Товарищи Пушкина уже в первые годы лицейской жизни поражались его начитанности. Маленькая шутливая поэма «Монах» при всей своей откровенной «фривольности» очерчивает, между прочим, кругозор поэта-подростка: Вольтер, Вийон, Барков («проклятый Аполлоном, испачкавший простенки кабаков»), Рафаэль, Корреджо, Тициан, Верне, Пуссен, Рубенс, Ньютон, Архимед. поэты, художники, мудрецы. не говоря уже о греческом и латинском Пантеоне, который «переработан» Пушкиным, как собственная книжная полка. И рядом, запросто — имена однокашников: Мартынов, Горчаков… Забавно! Пушкин забавляется, шалит, смеётся, а читатель вдруг ловит себя на том, что всё его существо постепенно охватывает смутная запредельная жуть.
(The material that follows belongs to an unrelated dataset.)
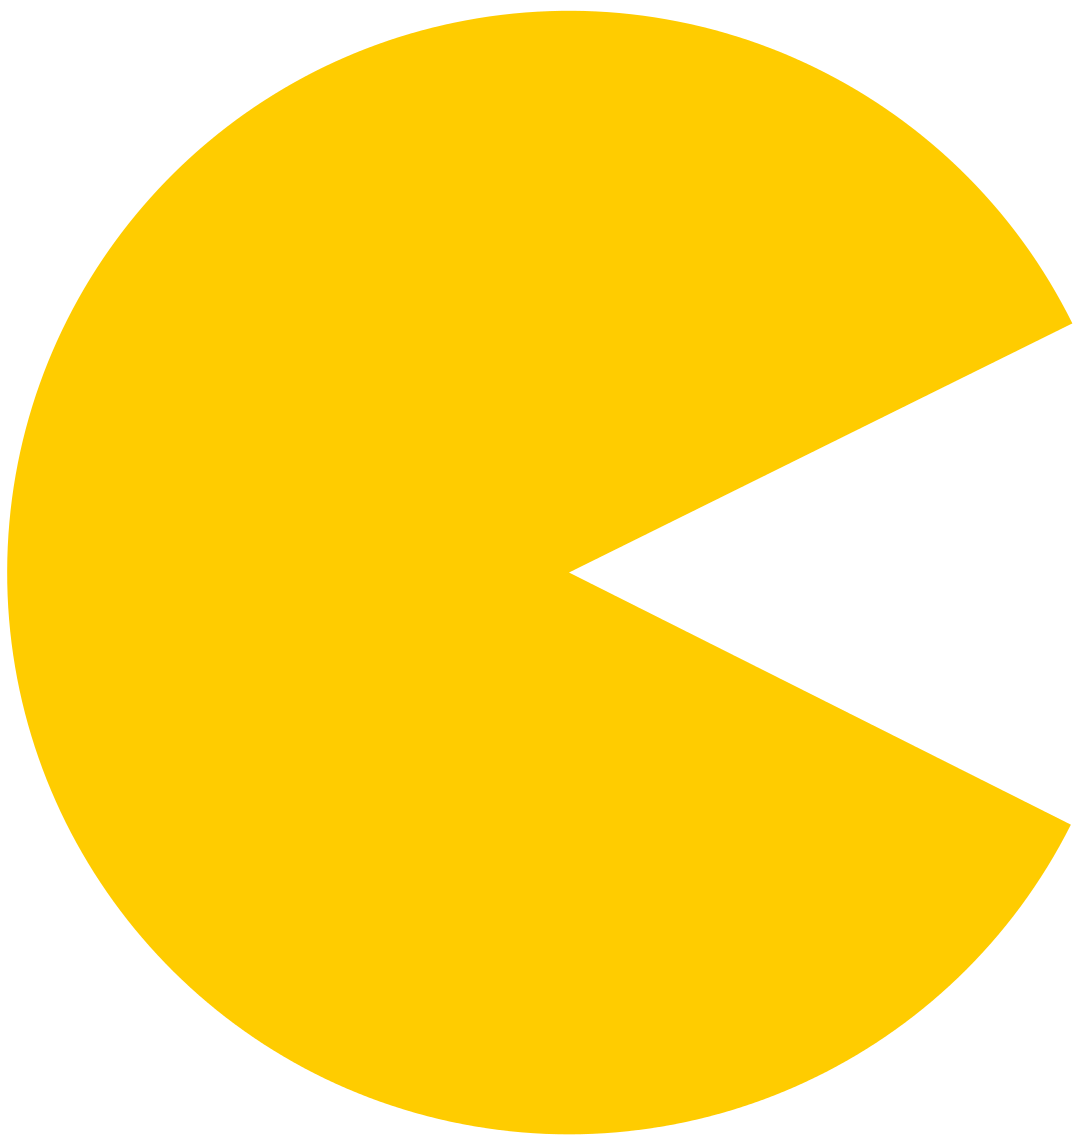 Pacman shape
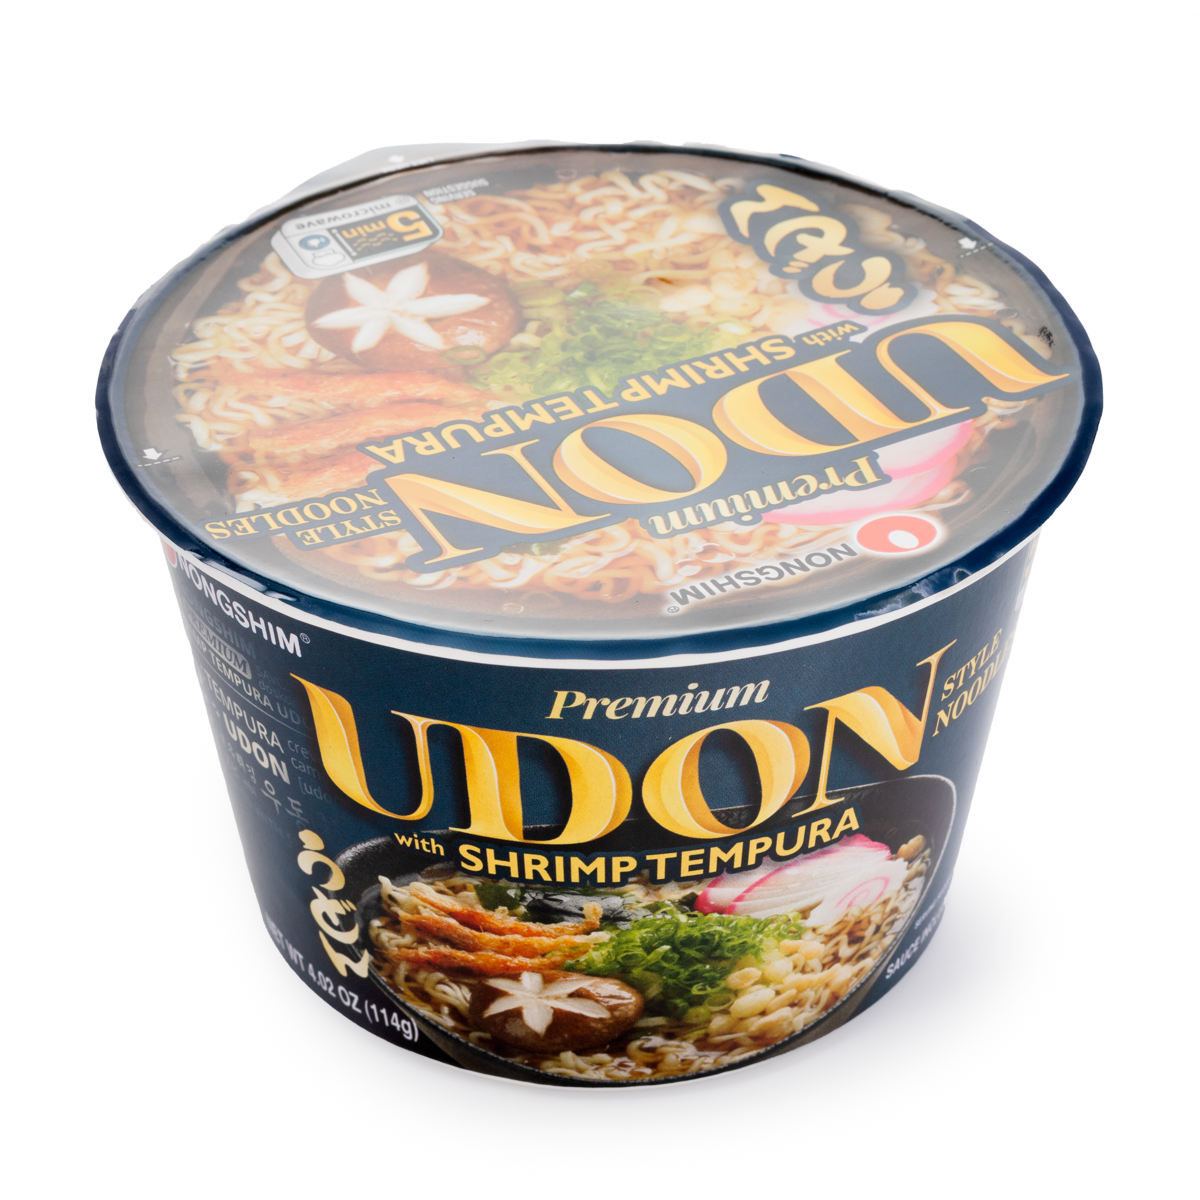 hot-nongshim-udon-style-noodles-with-shrimp-tempura

Монах, оседлавший чёрта… Тут тебе и доктор Фауст поневоле примысливается. и дерзкие греховодники европейского Возрождения, столь живописно представленные в «Декамероне». и жизнерадостные чрезмерности Рабле… и так отчётливо брезжут в отроческих грёзах Пушкина — далеко грядущие, даже в замыслах пока не существующие «Вечера на хуторе близ Диканьки», автору которых в ту пору не исполнилось и пяти лет! Как тесно, с какой взаимной необходимостью связаны — в пространстве и времени — казалось бы, отдалённые и разрозненные явления культуры!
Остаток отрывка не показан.